Vladimir Kush

Vladimir KUSH, Ripples on the Ocean, (Ondulações no Oceano)

Rumi

A vela do navio do ser humano é a fé.
Quando há uma vela, o vento pode levá-lo
A um lugar após outro de poder e maravilha.
Sem vela, todas as palavras são ventos.

Jalāl-ad-Dīn Muhammad RUMI




quarta-feira, 19 de agosto de 2009

Vos compriendeis?

"Inclinou suavemente a cabeça e pronunciou algumas palavras que nem o major nem o seu amigo conseguiram compreender.

Então, o patagónio, depois de ter observado atentamente os estranhos, mudou de linguagem; mas, fizesse ele o que fizesse, este novo idioma não foi melhor compreendido que o primeiro. Contudo, algumas expressões de que o indígena se serviu impressionaram Glenarvan. Pareceram-lhe pertencer à língua espanhola, de que conhecia algumas palavras usuais.

-Español? - disse.

O Patagónio abanou a cabeça de cima para baixo, movimento alternado que tem o mesmo significado afirmativo em todos os povos.

-Bom - disse o major - este assunto é para o nosso amigo Paganel. Está feliz por ter tido a ideia de aprender espanhol!

Chamaram Paganel. Acorreu imediatamente e cumprimentou o patagónio com uma delicadeza muito francesa, da qual este provavelmente nada entendeu. O sábio geógrafo foi posto ao corrente da situação.

-Perfeito - disse.

E, abrindo muito a boca a fim de melhor articular, disse:

-Vos sois um homem de bem.

O indígena escutou e nada respondeu.

-Não compreende - disse o geógrafo.

-Talvez não acentue bem! - respondeu o major.

-Tem razão. Que diabo de sotaque!

E de novo Paganel recomeçou o seu cumprimento.
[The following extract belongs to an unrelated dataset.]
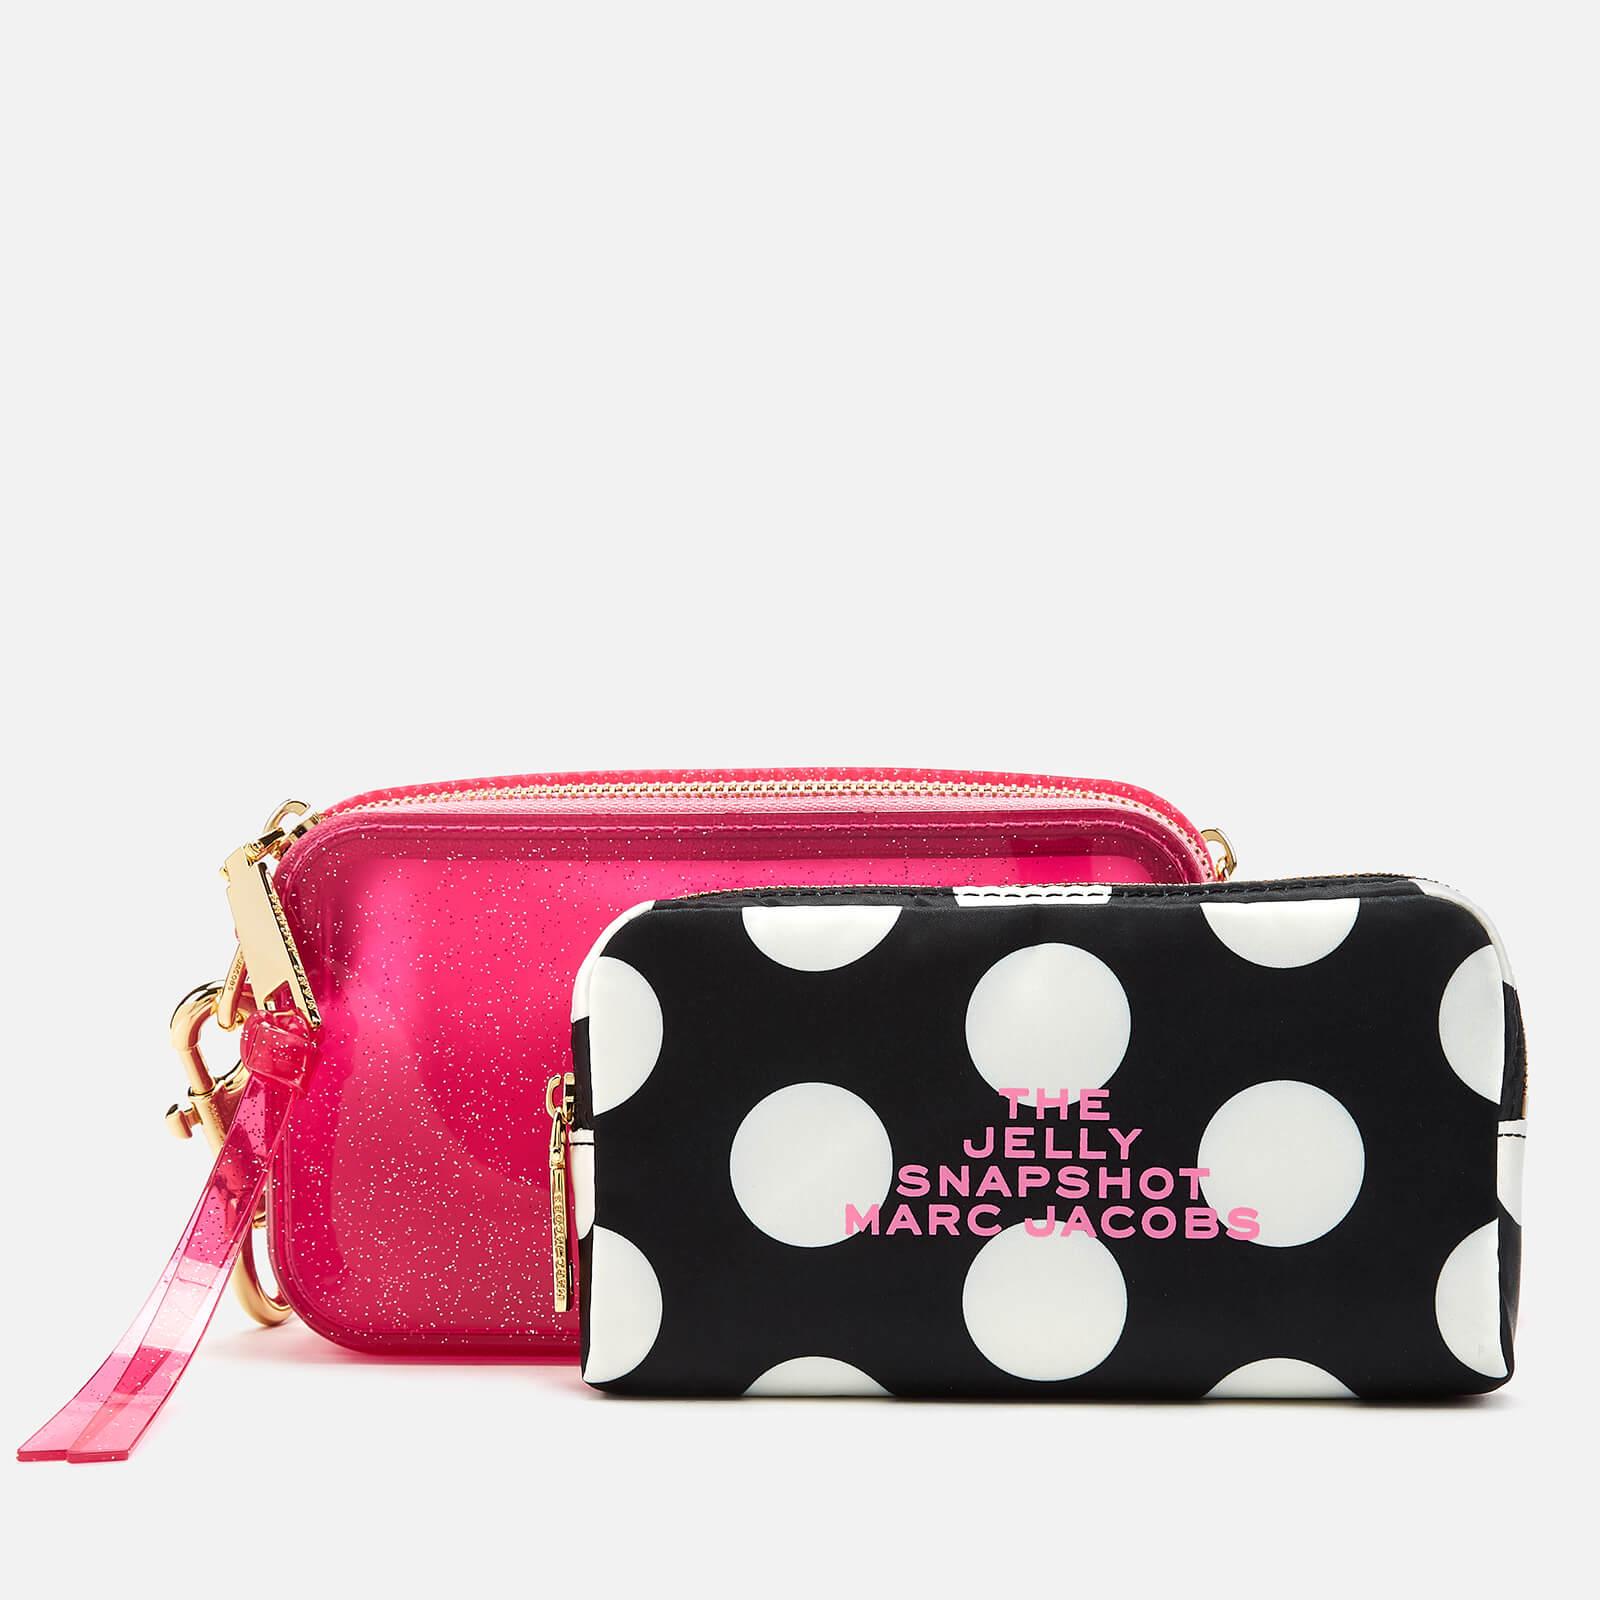 Marc Jacobs The Jelly Glitter Snapshot Bag in Pink - Lyst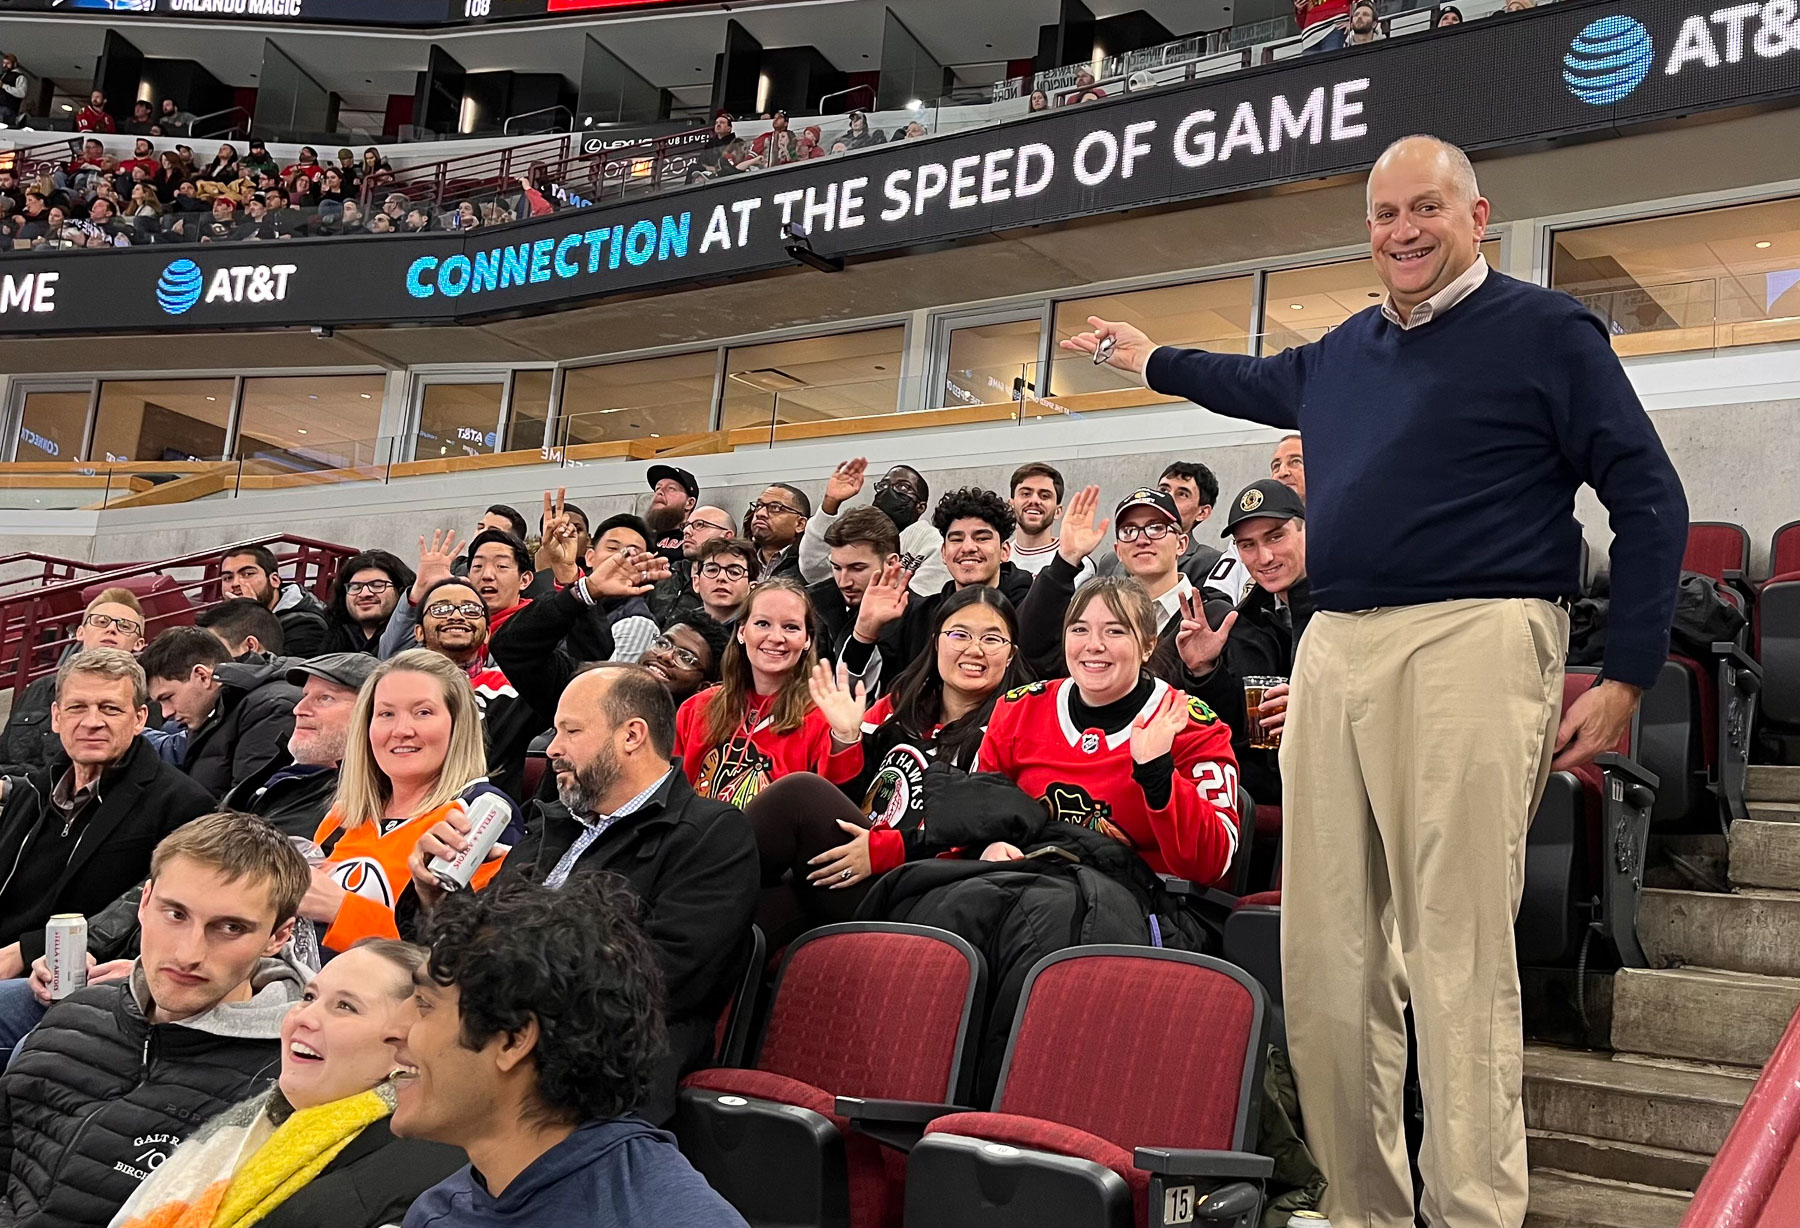 The class were special guests of the Blackhawks that evening for their game vs. the Edmonton Oilers.

Obteve o mesmo resultado.

-Mudemos de frase - disse e, pronunciando com uma lentidão magistral, deu a ouvir estas palavras:

-Sem duvida, um patagão?

O outro continuou mudo com antes.

-Dizeime! - acrescentou Paganel.

O patagónio continuou a não responder.

-Vós compriendeis? - gritou Paganel tão violentamente que quase despedaçava as cordas vocais.

Era evidente que o índio não compreendia, porque respondeu, mas em espanhol:

-No comprendo.

Foi a vez de Paganel ficar aturdido, e tirou depressa os óculos da testa para os olhos, como um homem irritado.

-Que eu seja enforcado - disse - se percebo uma palavra deste dialecto infernal! É araucaniano, sem dúvida!

-Não, não - respondeu Glenarvan - este homem respondeu certamente em espanhol.

E voltando-se para o patagónio:

-Español? - repetiu.

-Si, si! - respondeu o indígena.

A surpresa de Paganel transformou-se em estupefacção. O major e Glenarvan olhavam um para o outro pelo canto do olho.

-Ora esta!, meu sábio amigo - disse o major, enquanto um meio sorriso se lhe desenhava nos lábios - não terá cometido uma dessas distracções de que me parece ter o monopólio?

-Quê! - disse o geógrafo, prestando ouvidos.

-Sim! É evidente que este patagónio fala espanhol...

-Ele!

-Ele! Será que, por acaso, aprendeu uma outra língua, julgando estudar...

Mac Nabbs não terminou. Um «Oh!» vigoroso do sábio, acompanhado de um erguer de ombros, interrompeu-o.

-Major, está a ir longe de mais - disse Paganel com um tom bastante seco.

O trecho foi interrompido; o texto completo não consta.